Per quanto tempo ha lavorato in carcere?

Dalla fine del corso, che terminò il 19 settembre 1968, fino all’ottobre del 2007.

Ha fatto quindi tutta la carriera possibile.

Sì. Ho cominciato come agente di custodia, perché all’epoca il corpo era ancora militarizzato. Poi, con la riforma dell’11 gennaio 1991, il corpo fu smilitarizzato.

In quante carceri ha lavorato?

Le elenco: Tortona, Saluzzo, Aosta, Alba, di nuovo Aosta, Biella, Ivrea, Busto Arsizio e di nuovo Biella.

Qual è stato il carcere più duro in cui ha lavorato?

Non saprei distinguere. Tutti avevano tipologie diverse di detenuti, ma non ho mai avvertito una differenza sostanziale tra “più duro” o “meno duro”.

La recidiva in Italia tocca il 70%. Colpa dell’individuo, della società o del carcere?

In tutti questi anni ho visto che gli sforzi per il recupero ci sono stati e ci sono. Tutti gli operatori si prodigano con l’obiettivo di reinserire il soggetto nella società. Ma il carcere, da solo, non può garantire il cambiamento. Gli operatori penitenziari fanno quello che possono. La recidiva, secondo me, è più attribuibile al soggetto. Durante la detenzione molti si comportano bene, anche per ottenere benefici previsti dalla riforma del 1975: permessi, liberazione anticipata, ecc. Ma nessuno può garantire che una volta fuori non torni a delinquere.

C’era uno slogan ai suoi tempi: “vigilando redimere”. È ancora attuale?

Era uno dei motti del corpo militare degli agenti di custodia. C’era anche: “Se vuoi comandare, impara a obbedire”. Anche oggi, “vigilando redimere” è ancora valido in senso ideale: vigilare per aiutare il detenuto a redimersi. Ma è un lavoro incerto, fatto di speranze e non di certezze. L’agente penitenziario fa il possibile, ma il cambiamento dipende dal detenuto.

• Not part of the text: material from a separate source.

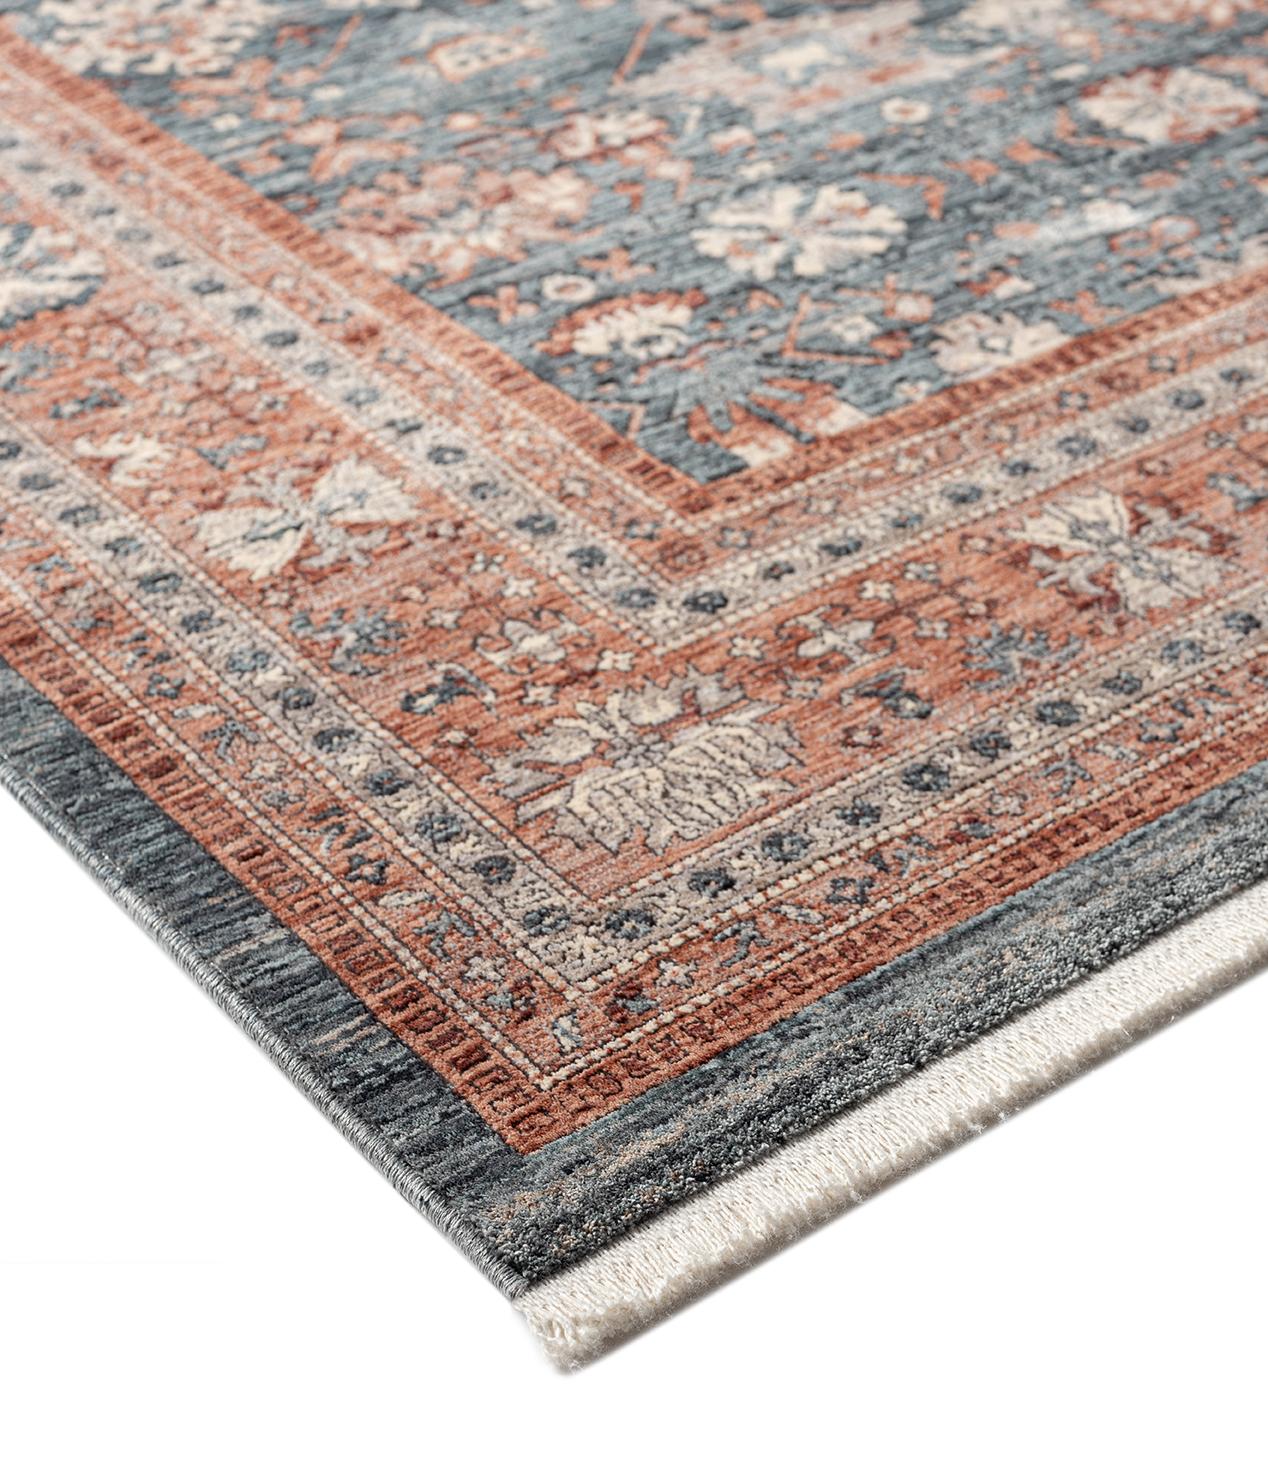 Bridging the gap between traditional and modern, the Transitional collection features rugs that exemplify versatility. The opulent pattern in this rug is derived from the rich tradition of Turkish embroidered textiles. Meticulously detailed and

In carcere ci sono stato spesso come giornalista. C’era sempre un’aria tesa, di violenza. La percepiva?

Non parlerei proprio di violenza. Certo, ci sono stati episodi gravi, come nei tempi del terrorismo. Ricordo il carcere di Novara, anche se non ci ho lavorato, dove a un detenuto tagliarono la testa e ci giocarono a pallone nel cortile. Ai miei tempi non c’era il problema dei cellulari o della droga, ma c’erano i coltelli, rudimentali o introdotti da personale infedele.

Capitolo terrorismo. I brigatisti erano persone intelligenti, ma perché sono finiti a delinquere?

Era una contrapposizione politica, tipica degli anni ’60 e ’70. Il potere operaio si ribellava ai poteri forti, allo Stato, ai “padroni”. Da loro nacquero le frange estremiste.

Anni terribili.

Ricordo episodi come la strage di Bologna, la Banca dell’Agricoltura a Milano nel ’69… o ancora l’omicidio di Marco Biagi nel 2002. Falcone e Borsellino furono uccisi nel ’92. Quegli anni sono stati durissimi.

Ha parlato di droga e cellulari. Come entrano?

La droga può arrivare in tanti modi, anche tramite i familiari. Per i cellulari, oggi si usano persino i droni. È già successo anche a Biella. Oppure, più semplicemente c’è chi si fa corrompere tra il personale. Ricordo che a Saluzzo, un ausiliario introdusse sette coltelli a serramanico l’ultimo giorno di servizio, in cambio di due milioni di lire. Li rinvenni io stesso, sotto una piastrella

Non ha mai avuto paura?

Sinceramente, no. Forse ero incosciente. Ma quando indossi una divisa, non puoi permetterti di avere paura. Solo dopo, ripensandoci, mi sono reso conto di aver rischiato. Oggi forse c’è più da temere fuori che dentro.

Con i reati odiosi, quelli sui bambini, i minori? Come si comportava?

Il mio lavoro mi imponeva di trattare ogni detenuto allo stesso modo, indipendentemente dal reato. Non possiamo giudicare. C’è la legge per quello.

Ha conosciuto personaggi famosi della malavita?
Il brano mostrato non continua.